If fact, for all his excellence on the water, the record will show that the

one time Conner really had to mix it up for all the chips, he sat in it. We’re talking about the last race of the 1983 America’s Cup, when, with a 57-second lead on the fifth leg, he failed to cover Australia II and went searching for more breeze. He never found it. Australia II did. But why was he looking? Many think Conner was so psyched out by the winged keel of his competitor’s boat that he thought even a 57- second lead wasn’t enough, when it probably was. He was out of kilter. He knew at the start his boat was second best. His knowledge that it could happen might have forced the very outcome he dreaded.

“This time,” Conner said a few days ago, “I know if we sail correctly and don’t make mistakes, we can win.”

Translation: I have the faster boat. Let’s race. S o he is on top again, even though he won’t admit it. But then, Conner now seems to say only what serves him. Those who watched him in 1983 see a different man here in Australia. He has been accessible at organized media events, and seems to smile as often as he breathes. But it is a calculated smile, with calculated answers, as if someone were cuing him. And perhaps someone is. After all, Conner is wooing big bucks into yachting now. The Budweiser spinnaker he hoisted after winning Race 1 was a harbinger of corporate things to come — all with Conner’s blessing, and, occasionally, his begging.

But corporate money creates blandness, and Conner tiptoes around controversy as if he were spying on a rival sailmaker. Even the ridiculous will not get a rise. At a post-race press conference Monday, someone asked about rumors that Kookaburra III and Stars & Stripes — which both use Digital computers — had discovered each other’s codes and were stealing secrets. Kookaburra skipper Iain Murray simply laughed. Conner, ever the smoothie, answered, “We’re, uh, very pleased to have Digital on our team.”

End of statement.

He is robotic at times, reacting like a wind-up politician. Yet the man who turns even car rides into competitive games — “Betcha a dollar we reach that

building within 30 seconds” — retains a private ability to slice a visitor into pieces. His eyes can go freezer-cold. When people on the street try to get his attention, he often glides past them as if they are invisible. His voice is thin and at times unsteady, yet he can whip on someone like a stiletto.

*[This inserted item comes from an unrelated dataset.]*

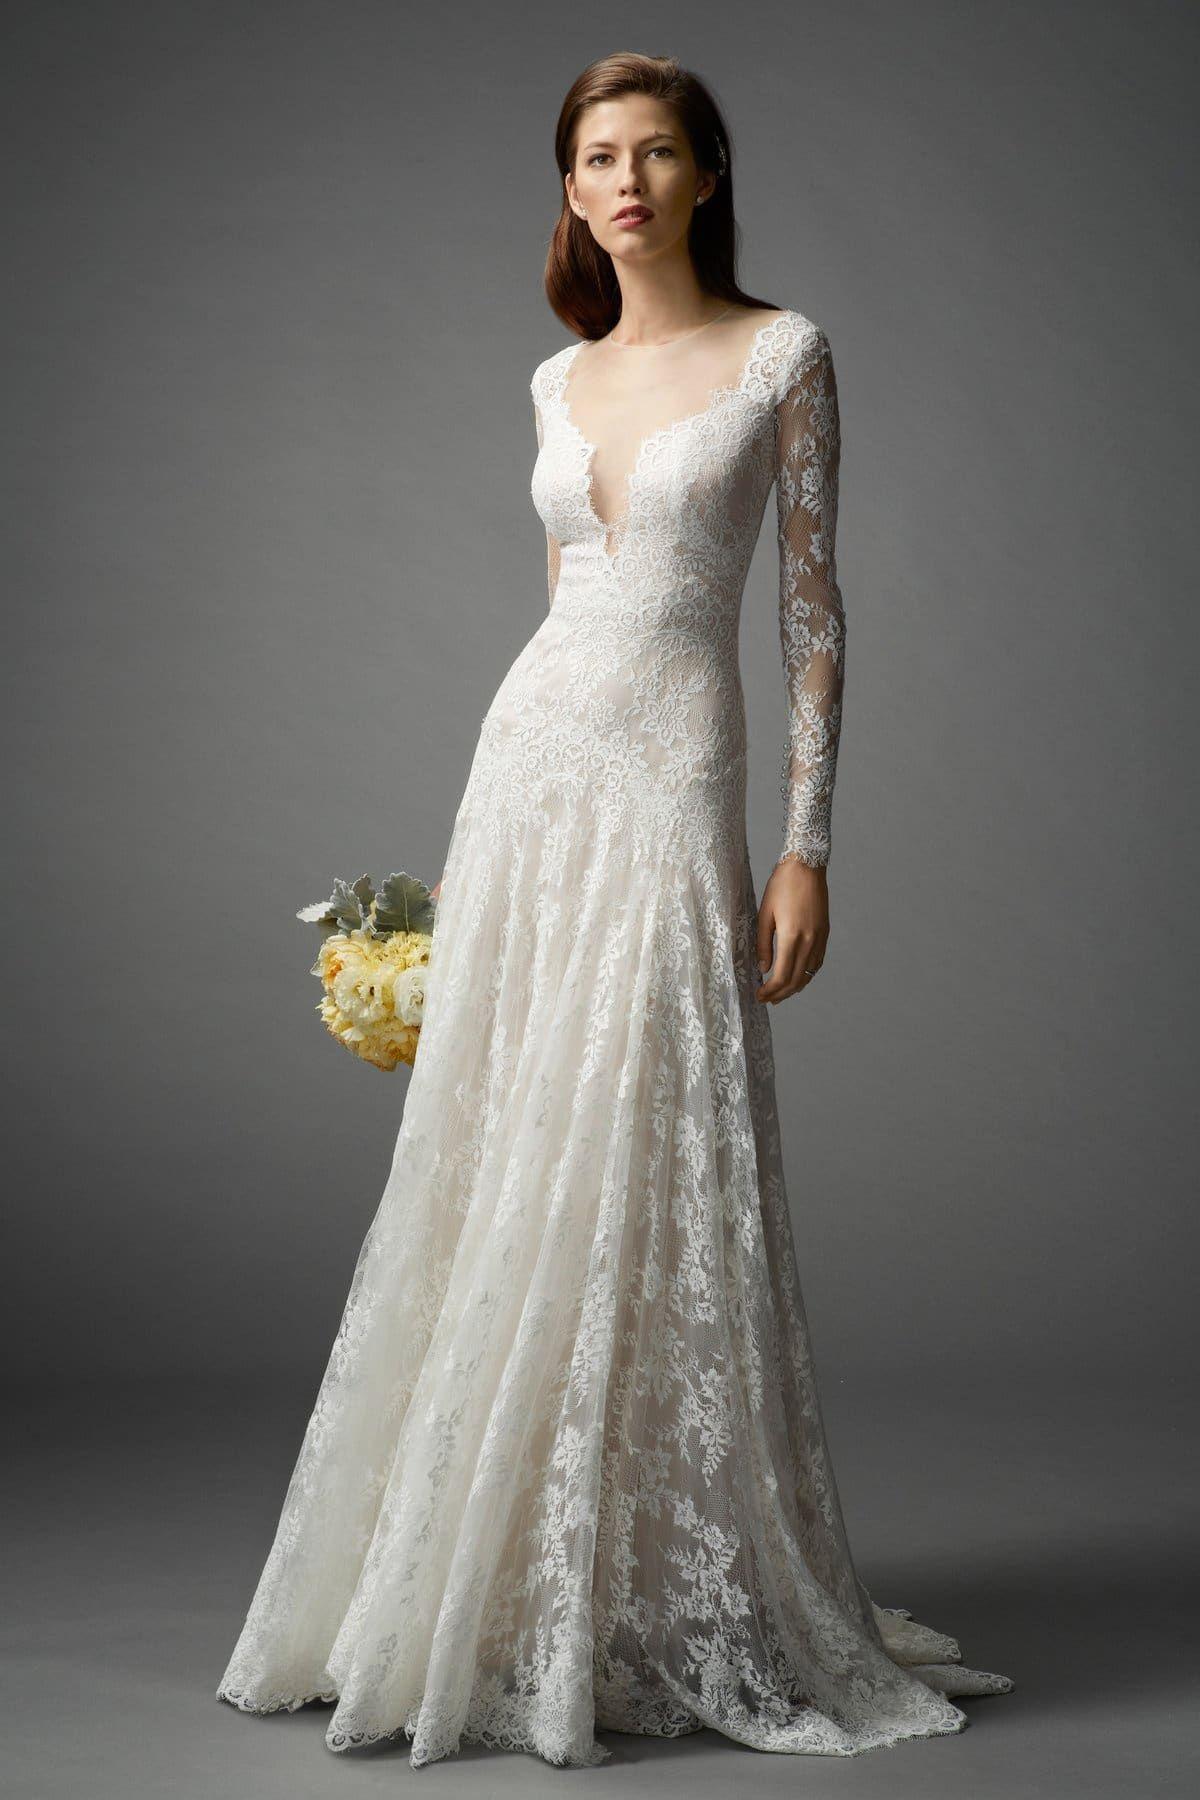 Long Sleeved Wedding Dresses We Love - Rustic Wedding Chic

No nice guy here. “He lives to sail” is the typical left- handed Conner compliment. Even his crew members joke that they have to take shifts talking sailing with him, so singular is his interest. But when pressed, few, if any, will confess to really knowing the guy. Even Jon Wright, who has sailed with Conner in 1980, 1983 and 1987 America’s Cups, simply shrugs when asked to explain. He mentions intensity, aloofness, pre- occupation with success.

“Dennis is Dennis,” he said. S o here is your cover of Time magazine, the People interview, the Esquire profile subject. Next hero, America, Dennis Conner, a self-confessed “not very good-looking high school kid who found out that sailing was something I could be the best in.” Pudgy, self-conscious, zinc cream on his lips making him look like he just came up from a box of powder doughnuts — and now an entire country refers to him as Big Bad Dennis because of the way he sails? Imagine that. He is living a nerd’s daydream, all the accolades he missed as a kid being showered on him in middle age.

“I came here to win the Cup,” he will say. “This is like a dream come true.” The words will look right in print. The stories will be complimentary.

He is missing heart, but he doesn’t need heart. He is missing warmth, but warmth is a luxury. He has lived for one goal the last three years, and by the time you read this, he might be celebrating its arrival, downing his drink and laughing with all the right people. The victory will be earned, the smile will be fixed like an open curtain. But no nice guy here. You remember where nice guys finish?

So does he.

CUTLINE:

Dennis Conner has charted a course for the Cup’s return.